There are two main gaps in our opinion which have to be addressed in order to reduce internet payment fraud. There is also a clarification needed regarding Article 97(1)regarding the applicability of strong authentication when accessing a payment account online.
1) Merchant shop systems and payment service provider (backend) systems (especially if they are accessed via the internet) need to be secured against unauthorized access by third parties and protected by strong authentication. Even if there is no sensitive PSU data available in those systems, an unauthorized third party may be able to:
- initiate refunds for transactions (In some scenarios, this would allow an organized group of fraudsters to purchase goods, wait for the shipment to arrive and then initiate the refund in the merchant shop system, leaving the merchant with a loss of goods)
- obtain customer data such as full names, addresses, telephone numbers, email addresses, date and time of payment, payment method used, payment amounts and items ordered
It would be a useful clarification if the definition of a “payment account” in PSD2 Article 4 (12) would explicitly include merchant shop system and payment service provider back-ends.
Additionally it would be very useful if the definition of a payment service user (PSU) would explicitly include merchants as well.
2) We understand Article 4 (3) and the therein referred Annex I explicitly includes one-off direct debit transactions in the definition of a “payment service”. However, there seems to be a gap to Article 97 (1.a) “initiates an electronic payment transaction”, because the necessary one-off direct debit transaction mandate is usually not protected by strong authentication.
Due to the absence of national or European e-mandate schemes for SEPA direct debit transactions, the guidelines (in the “EBA Guidelines on the security of internet payments”) regarding e-Mandates for direct debits are failing to address a large portion of the internet payments in some EU member states such as Germany. In Germany, for example, it is currently practice to have one-time SEPA mandates for internet purchases without any further authorization (due to the absence of any national e-mandate regime). This practice has been ruled compliant to the “EBA Guidelines on the security of internet payments” by German regulator BaFin.
These one-time SEPA mandates for internet purchases are a major fraud loss contributor for payment service providers and e-commerce merchants in Germany
Regarding Article 97(1), the requirement to perform strong authentication when accessing a payment account online seems to be unnecessary. Considering the information contained in an online payment account is not sensitive according to the definition of the PSD2, there is no need in our opinion to perform strong authentication upon login into this online payment account.

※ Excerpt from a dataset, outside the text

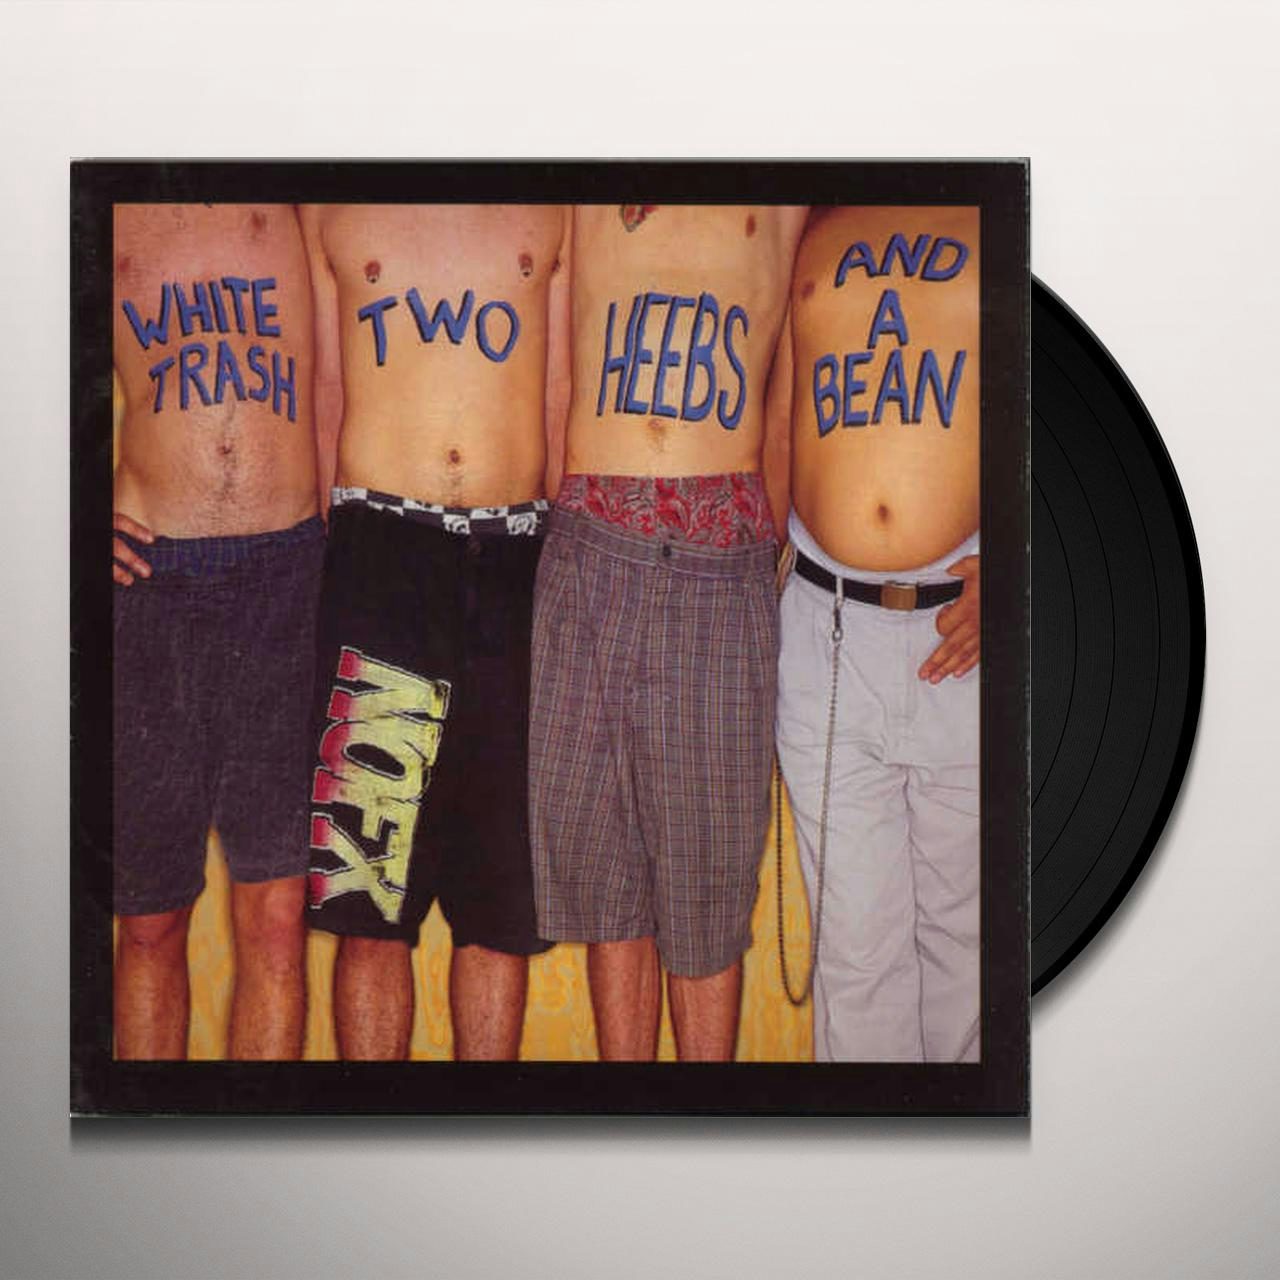 WHITE TRASH TWO HEEBS Vinyl Record - NOFX

2. Which examples of possession elements do you consider as appropriate to be used in the context of strong customer authentication, must these have a physical form or can they be data? If so, can you provide details on how it can be ensured that these data can only be controlled by the PSU?

“Data” is a form of possession, which is presumably independent of its carrier, but in practice the carrier of the data strongly influences the quality of authentication. For example, if data is available inside a phone, it is easier to steal without being detected than if it is in the form of a QR code or a file on a separate USB stick. So, allowing the user to choose a medium that is not readily accessible might be useful to increase security but would come at the cost of convenience.

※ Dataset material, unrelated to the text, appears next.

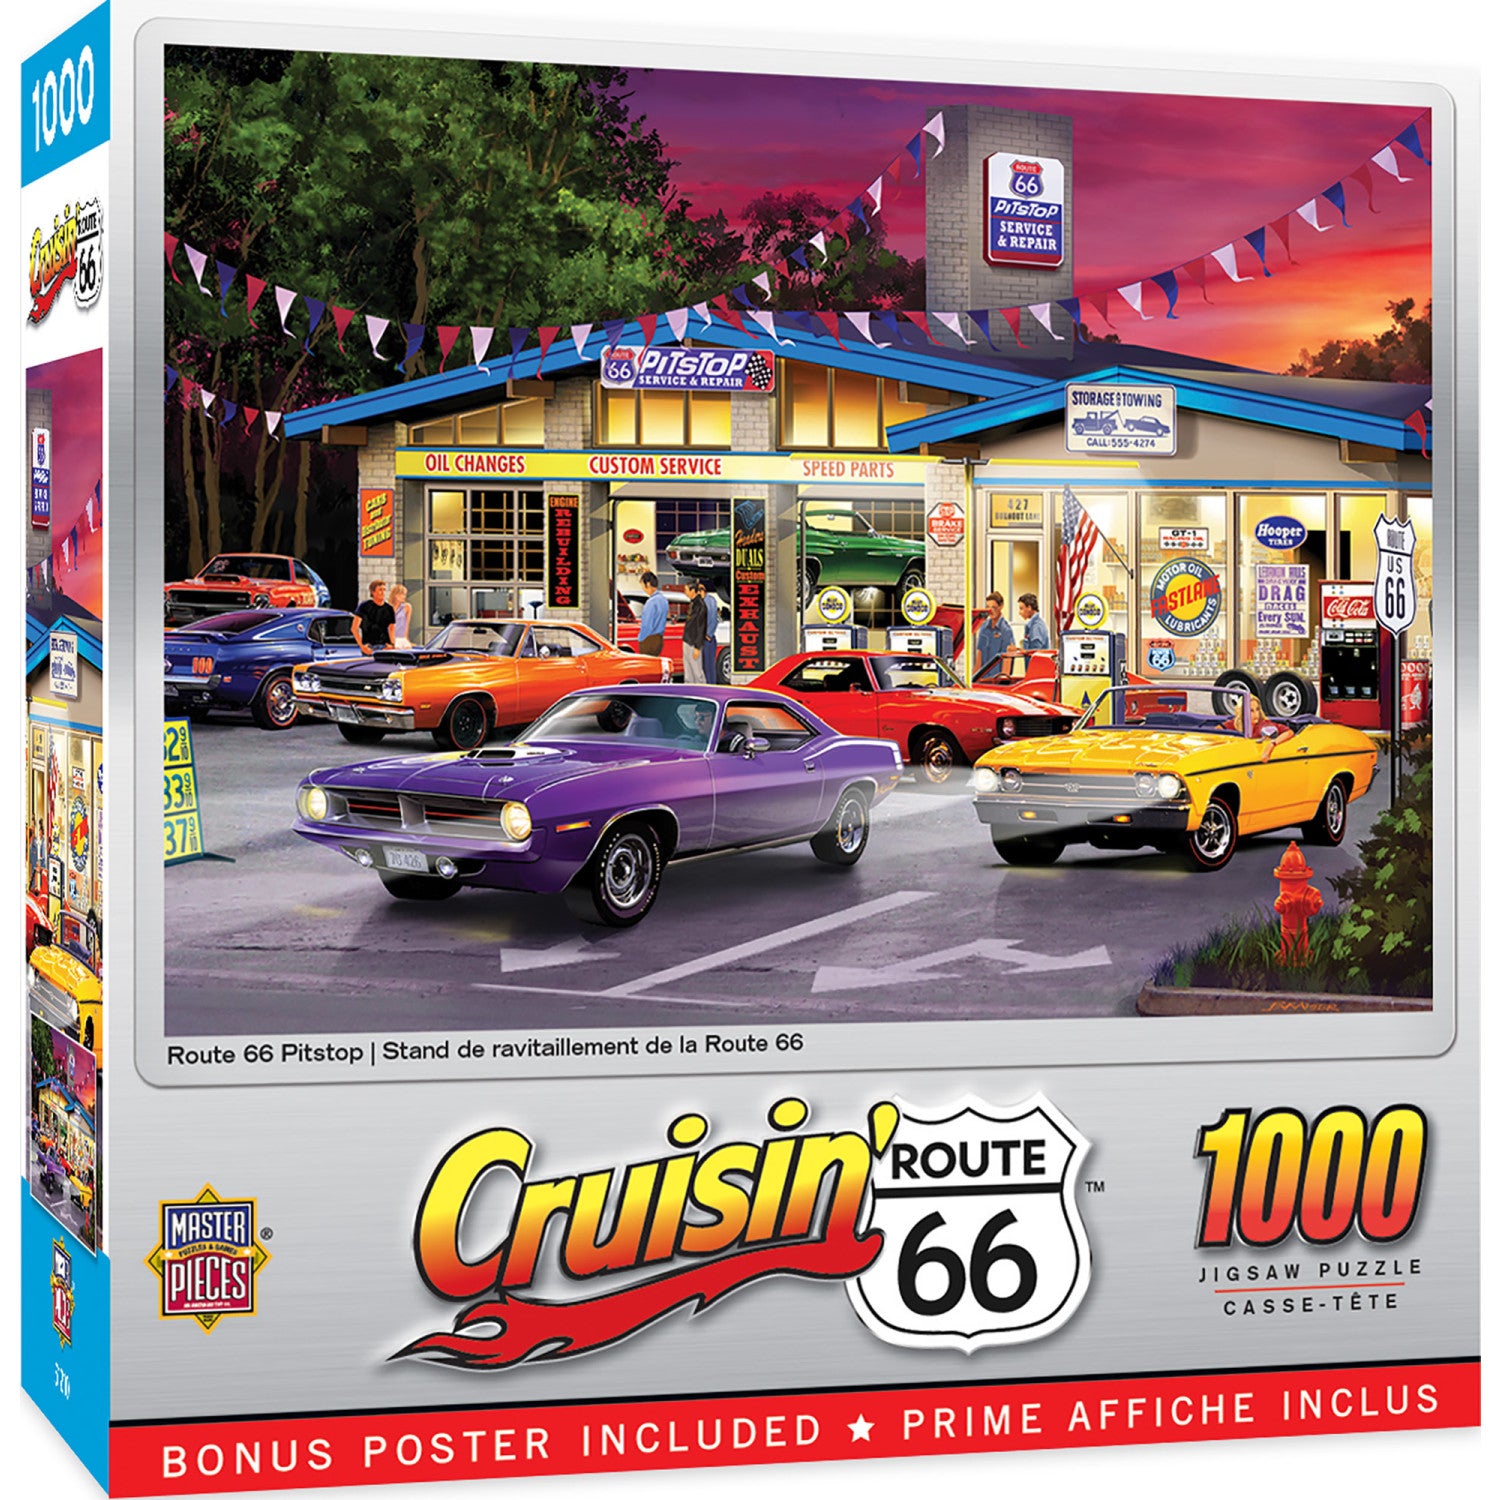 Cruisin' Route 66 - Pitstop 1000 Piece Puzzle

3. Do you consider that in the context of “inherence” elements, behaviour-based characteristics are appropriate to be used in the context of strong customer authentication? If so, can you specify under which conditions?

We don’t consider behavior-based characteristics to be appropriate to be used in the context of strong customer authentication as an element of the authentication itself (i.e. as a replacement of one of the three types knowledge, possession and knowledge). However, behavioral characteristics are a very important tool in transaction risk analysis and can be used there to great effect.

4. Which challenges do you identify for fulfilling the objectives of strong customer authentication with respect to the independence of the authentication elements used (e.g. for mobile devices)?

Especially for mobile devices including tablets, a separation (independence) between possession (the device) and either knowledge (a one-time TAN sent to this device for example) or inherence (a biometric scanner, i.e. for fingerprints etc.) is challenging in practice. Please also keep in mind that many new PCs and laptops also have biometric scanners built in, which means the problem not only applies to mobile devices such as mobile phones, tablets etc.
As stated correctly in the discussion paper (32), the potential compromise of the mobile device compromises both authentication requirements.
Additionally, also applicable to transactions initiated from a traditional PC or laptop, it is almost impossible for a payment service provider to check if a strong authentication of a payment fulfills the independence requirement. For example if the pushTAN (knowledge) was received on the same device (possession) the payment was initiated on, the independence requirement is not fulfilled.

5. Which challenges do you identify for fulfilling the objectives of strong customer authentication with respect to dynamic linking?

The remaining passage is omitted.